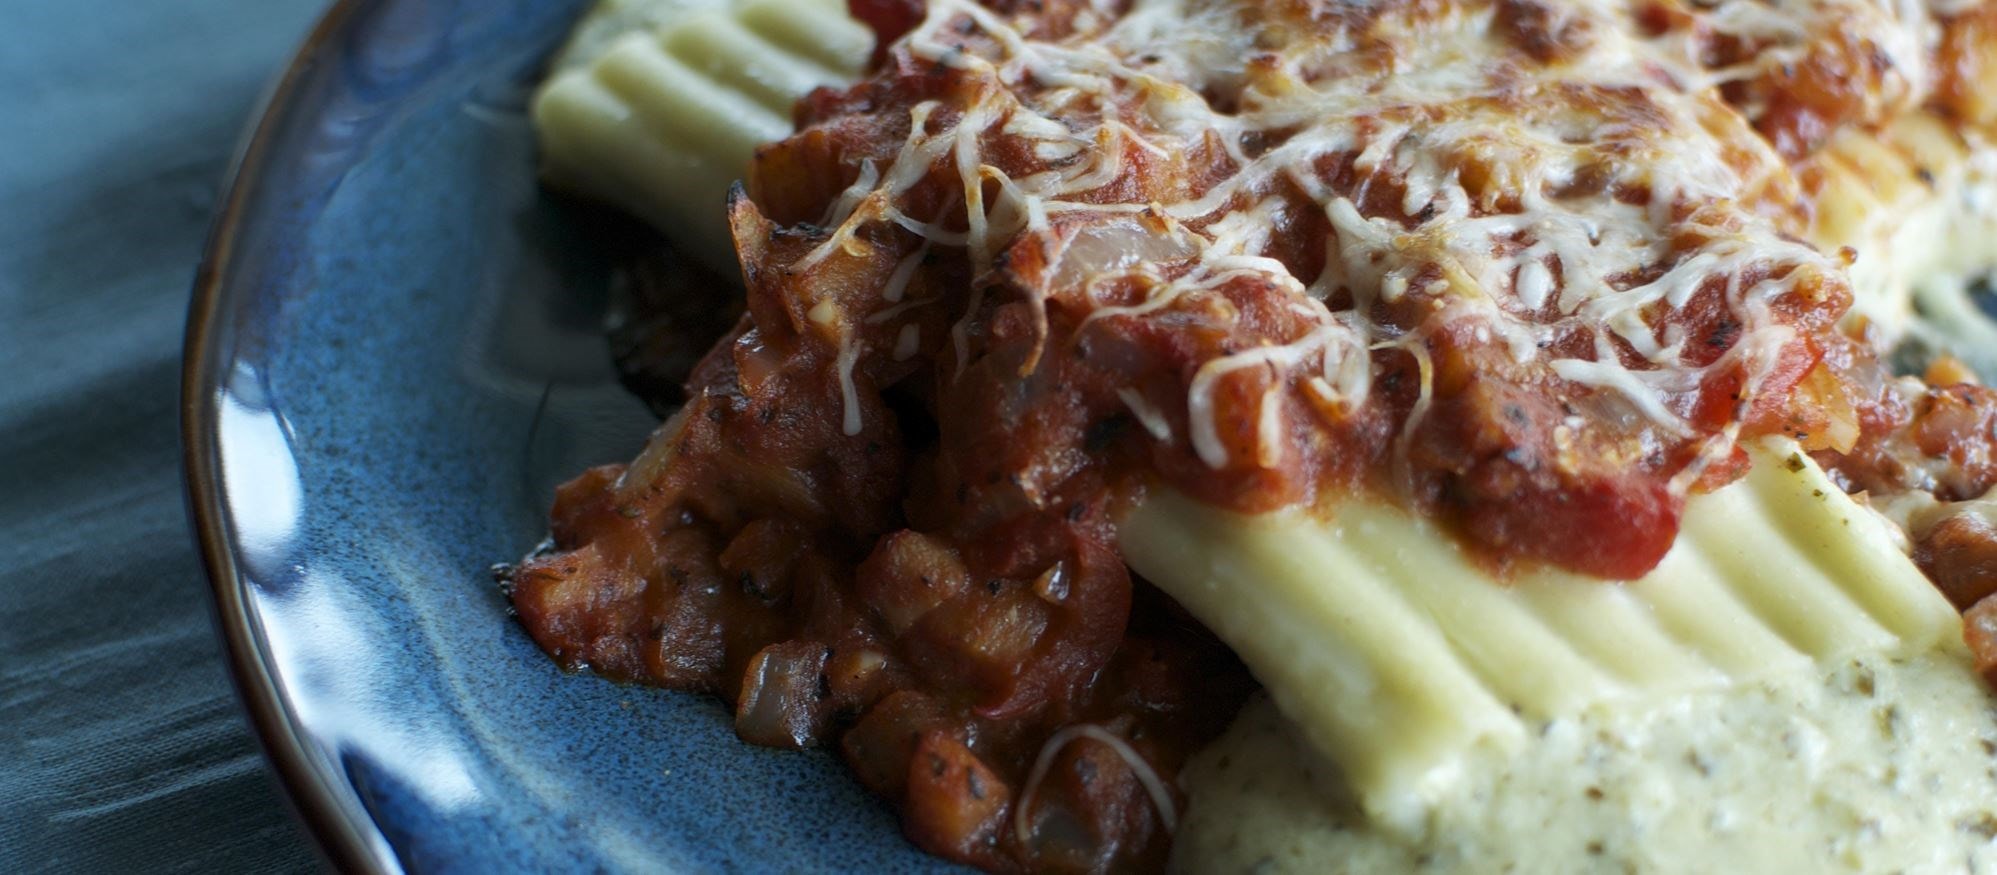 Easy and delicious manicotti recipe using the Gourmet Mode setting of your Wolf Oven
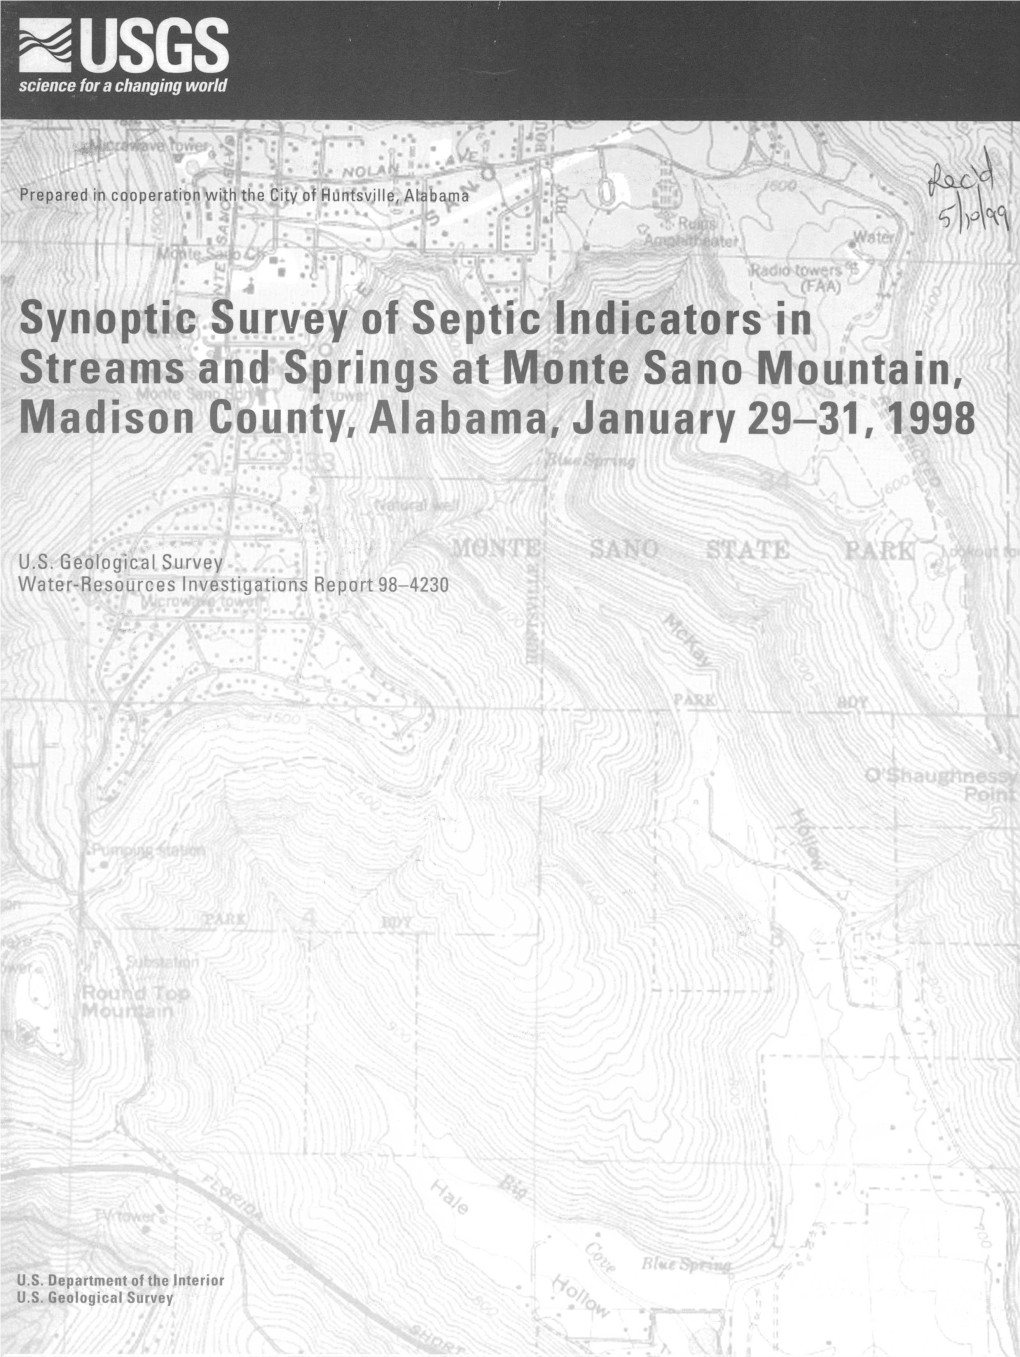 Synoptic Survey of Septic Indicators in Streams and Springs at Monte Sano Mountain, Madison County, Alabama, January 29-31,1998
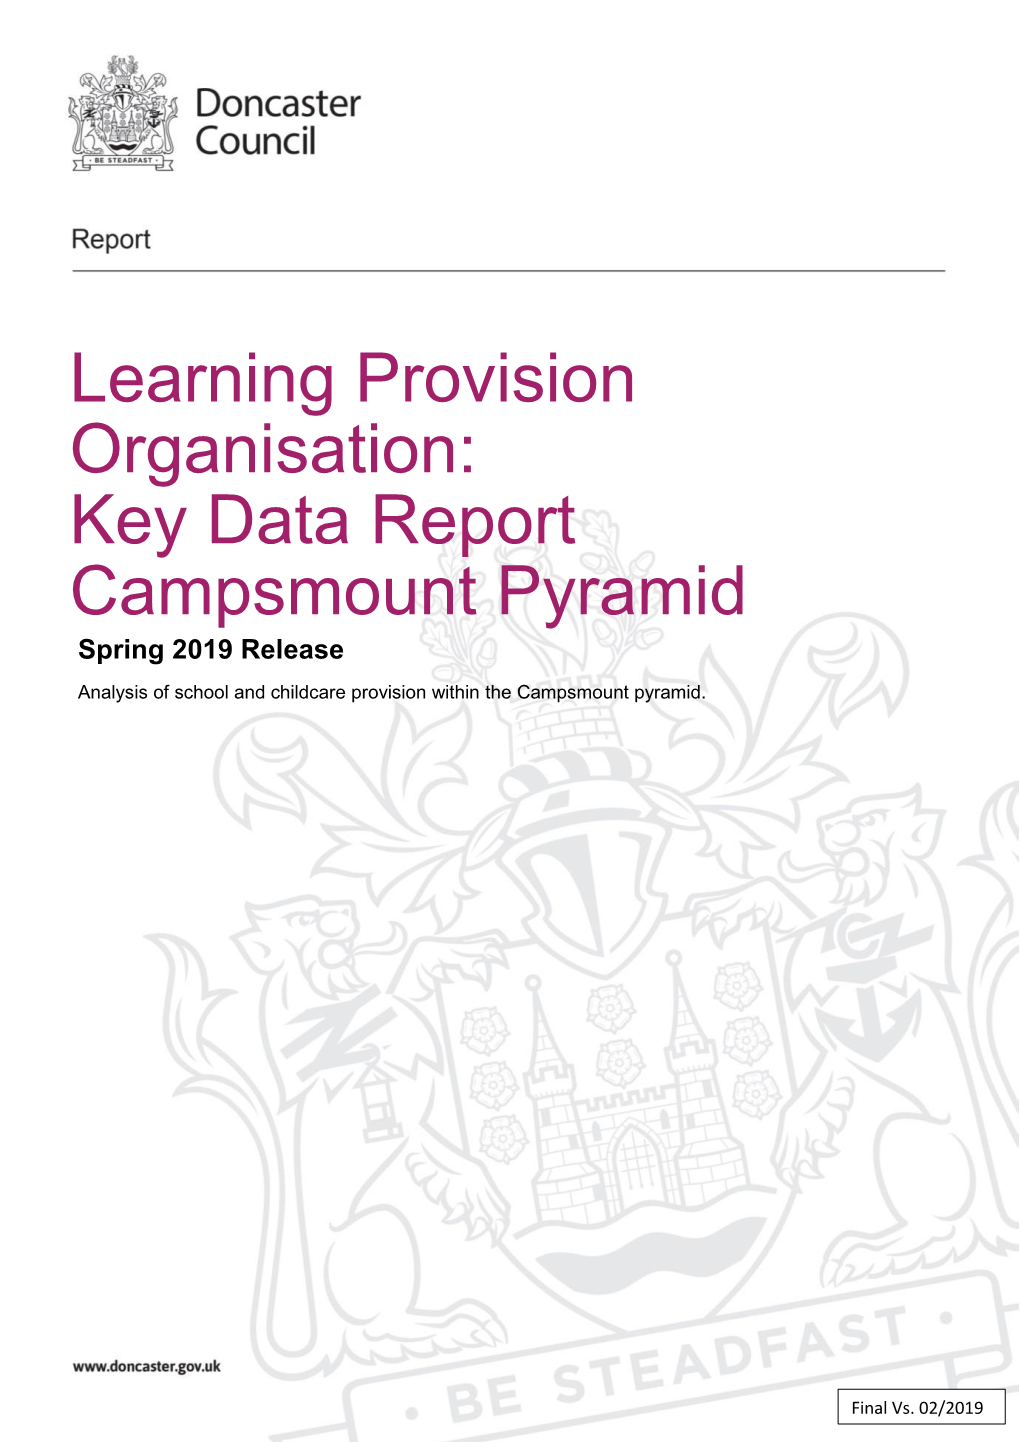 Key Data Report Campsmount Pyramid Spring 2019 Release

---

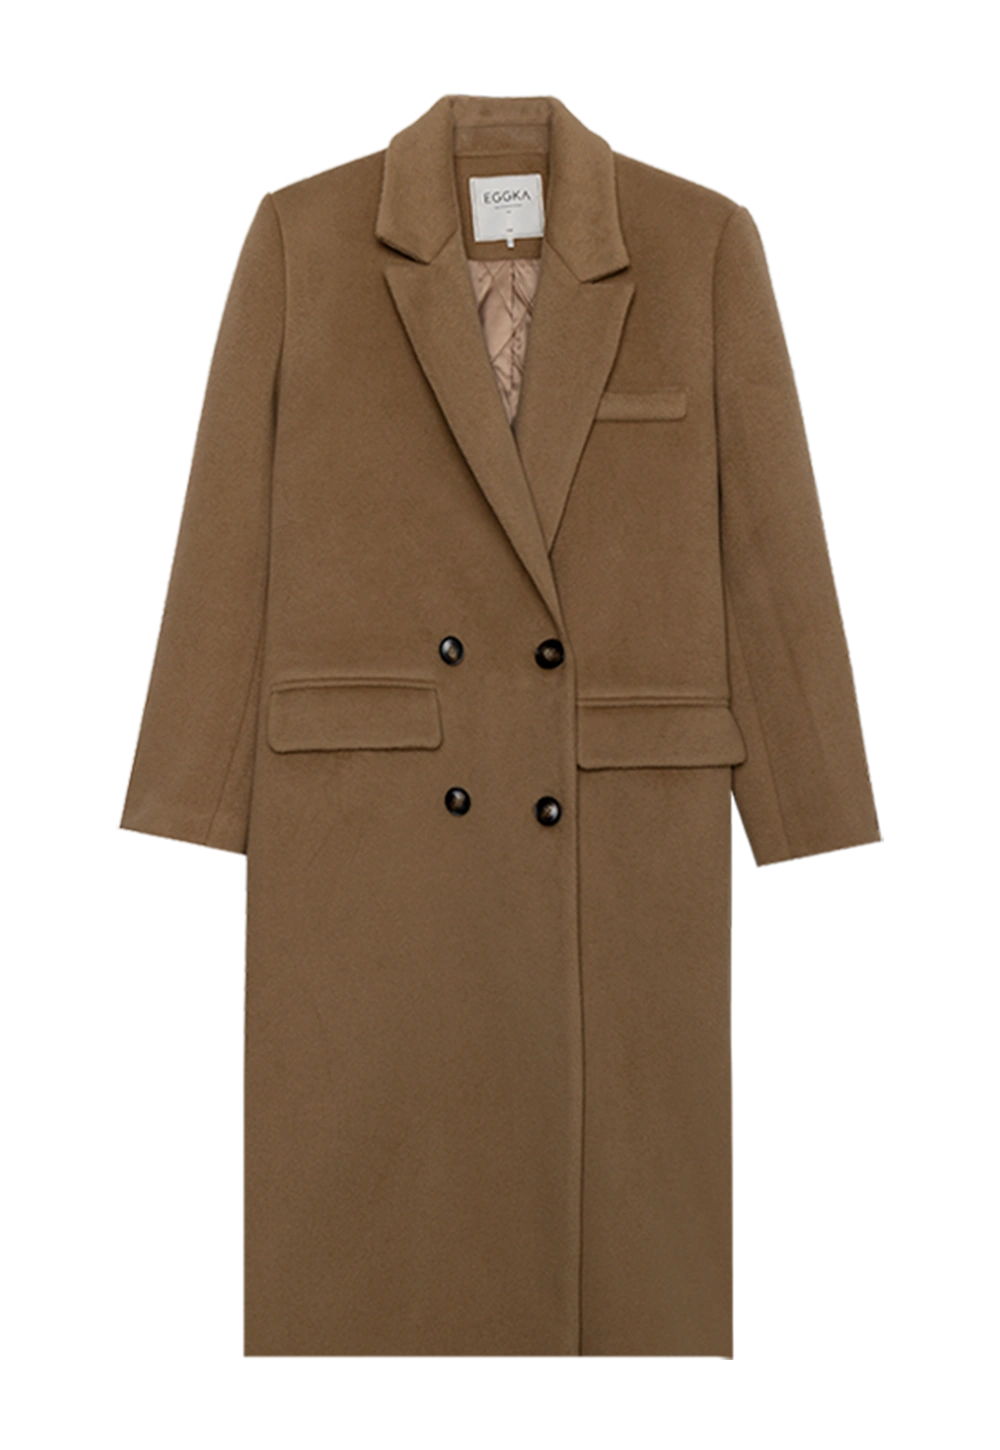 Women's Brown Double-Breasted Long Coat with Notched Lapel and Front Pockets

Exercise brief | Extract the part of the records that opens with the line containing "Easy and delicious" and closes with the line containing "Key Data Report". Take only those lines, exactly, and no pictures.

Written solution |
 Easy and delicious manicotti recipe using the Gourmet Mode setting of your Wolf Oven
 Synoptic Survey of Septic Indicators in Streams and Springs at Monte Sano Mountain, Madison County, Alabama, January 29-31,1998
 Key Data Report Campsmount Pyramid Spring 2019 Release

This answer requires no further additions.